The Trump and Obama administrations have argued, over the objections of many in Congress, that the legal foundation for continuing combat operations in Afghanistan and against the Islamic State can be found in a pair of authorizations for use of military force that Congress passed 15 years ago. The 2001 AUMF authorized military operations against al-Qaida, the Taliban and associated groups, while the 2002 AUMF let the military go into Iraq.
Paul’s amendment explained that it would not actually replace the AUMFs he seeks to repeal. Instead, it would “sunset” the existing AUMFs after six months, giving Congress a hard deadline in which to come up with an alternative.
It’s “kind of similar to what they’re doing with DACA,” Paul explained, noting it would “force us to debate on it in the next six months.”
On Tuesday, Attorney General Jeff Sessions announced the Trump administration would end the Deferred Action for Childhood Arrivals (DACA) program that has let 800,000 undocumented immigrants brought to the United States as children study or work free from fear of deportation.
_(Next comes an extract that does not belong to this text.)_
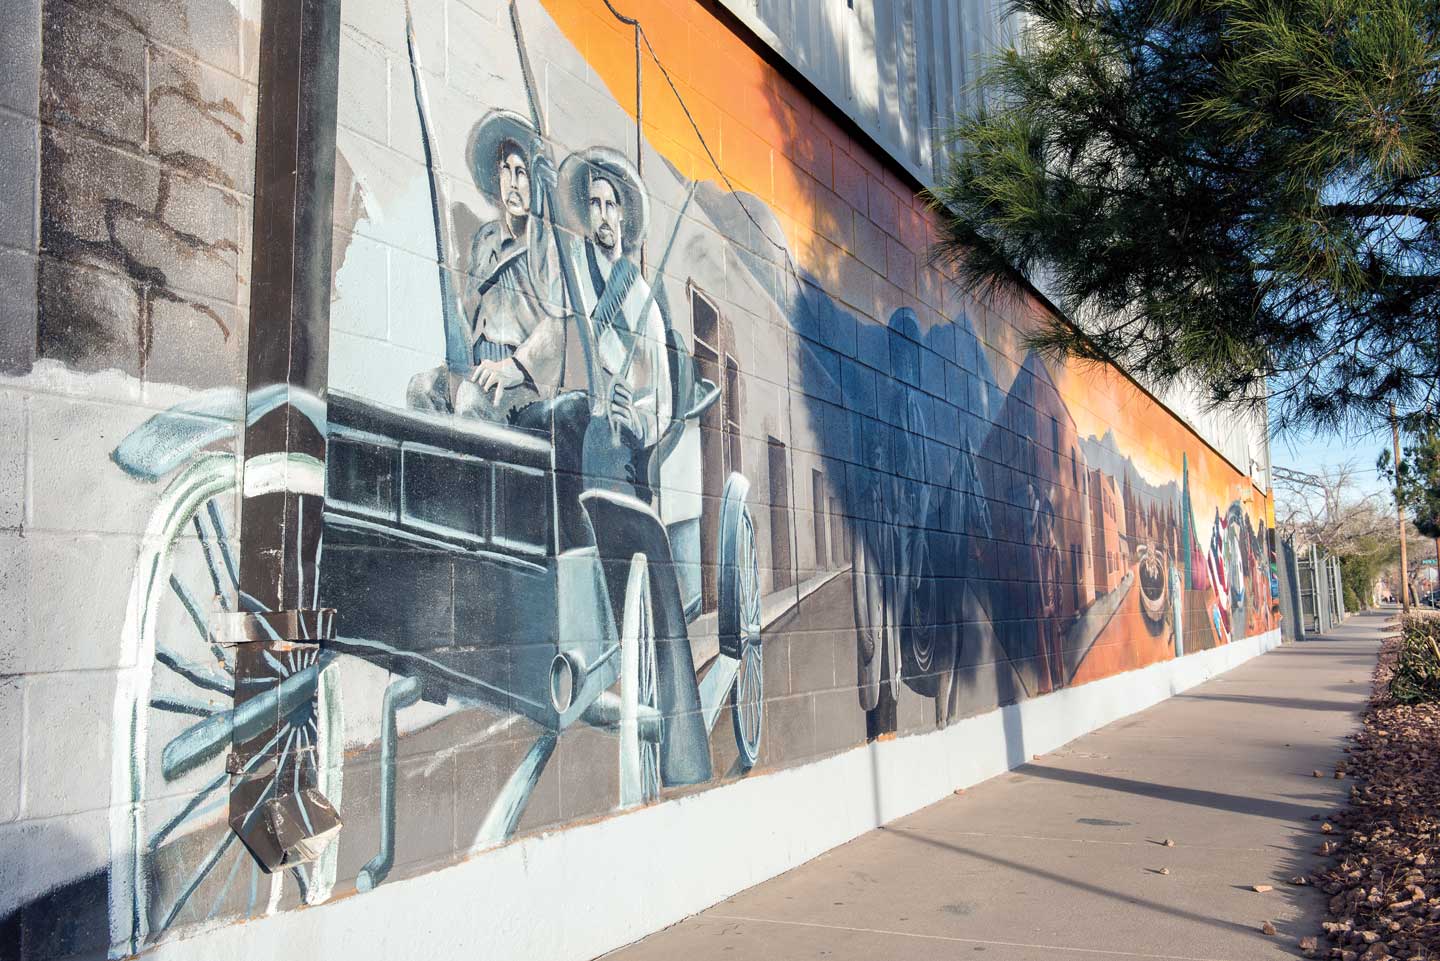 A mural in downtown El Paso

The program will end after six months, however, giving Congress a window in which to try to pass a bill to allow them to stay.
Paul is not the only member of the Senate who has been angling for Congress to pass a new AUMF. Several members of Congress have proposed new AUMFs to replace one or both of those authorizations with a new mandate for combating extremist terrorist groups. Senate Foreign Relations Committee Chairman Bob Corker, R-Tenn., has promised that his committee would take up at least one AUMF proposal this year.
But though proponents of an AUMF believe that the defense authorization bill is a good vehicle for a military force authorization, the Senate’s chief antagonist for an AUMF said Tuesday that he disagreed with Paul’s approach of holding up the defense bill until a vote is guaranteed.
“The national defense bill is a product of our work across the aisle in the Armed Services Committee to support our troops, and holding that up unnecessarily would be a disservice to our service members and their families,” said Sen. Tim Kaine, D-Va., who has been angling for a new AUMF for several years. He and Sen. Jeff Flake, R-Ariz., partnered again this year to write the AUMF proposal that has gained the most traction in the body.
“We do owe it to the public to debate our military engagements in the most transparent way possible, which is why the best approach is for the Foreign Relations Committee to accelerate its work, mark up a new AUMF, and vote on it,” Kaine added.
Paul may not be the only senator objecting to efforts to advance the defense bill through the Senate. On Tuesday evening, Sen. John Cornyn, R-Texas, said that Sen. Mike Lee, R-Utah, was also resisting moving forward; a spokesman for Lee did not return an emailed request for comment.
But this is not the first time that Paul has held up such debate. Paul objected to the Senate bringing up the defense bill in the immediate aftermath of the failed health care vote, pushing the debate to September. McCain cast the deciding vote to bring down the health care bill, a vote Trump has forcefully complained about since, including during a rally in McCain’s home state of Arizona. But Sen. Lindsey Graham, R-S.C., on Tuesday rejected rumors that anyone might be holding up the defense bill as a means of punishing McCain for that vote.
Senate leaders are trying to make sure that McCain can shepherd the bill through the Senate as he has done in years past, despite the senator’s struggle with his recent brain cancer diagnosis. McCain returned to Capitol Hill from the August recess with the rest of lawmakers Tuesday.